By Kristin Schwitzer, Beacon Research

Using their iPhones, 235 SuperBowl watchers shared their experience with us real-time.

Here’s how we did it:

Just 3 days before this year’s Super Bowl game, 4 leading market research firms (Survey Analytics, …

Super Bowl

By Kristin Schwitzer, Beacon Research

Using their iPhones, 235 SuperBowl watchers shared their experience with us real-time.

Here’s how we did it:

Just 3 days before this year’s Super Bowl game, 4 leading market research firms (Survey Analytics, BrandScan 360, Beacon Research, and Hemispheres Research) quickly joined forces to create a large scale mobile ethnography of this major social event.  Immediately following the half-time break, the 1,200 iPhone owners in the Survey Analytics SurveySwipe consumer mobile panel received a push notification with a link to participate in our Super Bowl study.  Twenty percent accepted.  The short survey included both closed- and open-ended questions, as well as two picture requests.

Here’s what we learned:

  1. Mobile is a fast and efficient way to take researchers into consumers’ lives.
    Without even traveling, we were able to peek into 235 SuperBowl moments!
  2. Two thirds of our participants wanted Green Bay to win.
  3. Their favorite ads were for Doritos, with Budweiser and Volkswagen close behind.

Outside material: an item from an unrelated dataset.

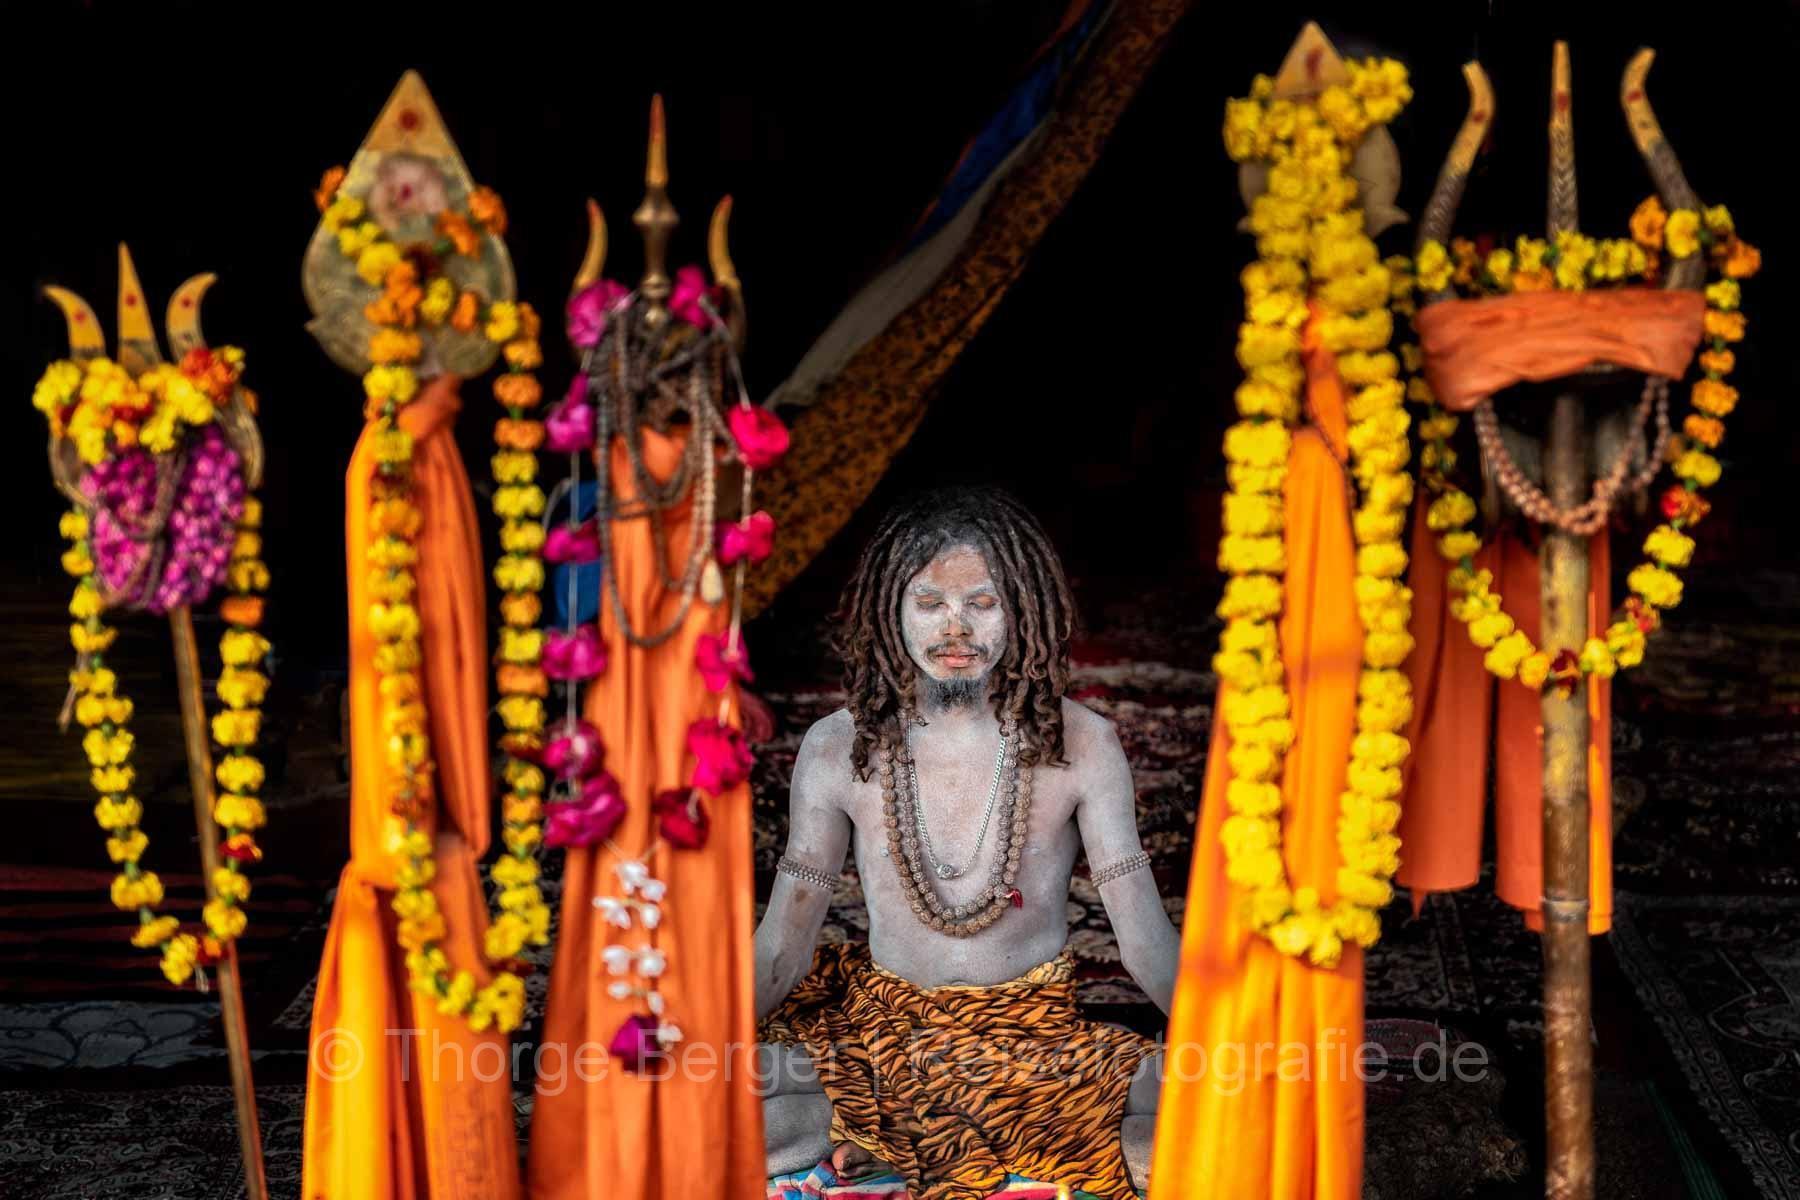 Meditierender Sadhu bei der Ardth Kumbh Mela 2019 in Prayagraj

  4. The GoDaddy.com ad, with a 77-year-old Joan Rivers as the new GoDaddy girl, was their least favorite.


5. More watched the game at home than out at a party or pub.


Super Bowel 2011 Mobile Ethnography


6. Non-alcoholic drinks were just as prevalent as beer.


Super Bowel 2011 Mobile Ethnography


7.  Ready-to-eat foods and salty snacks were more common than those made from scratch.



Super Bowel Mobile Ethnography



We encourage you to talk about these next-day findings around the water cooler, and then check back later this week when we share additional learning from this study.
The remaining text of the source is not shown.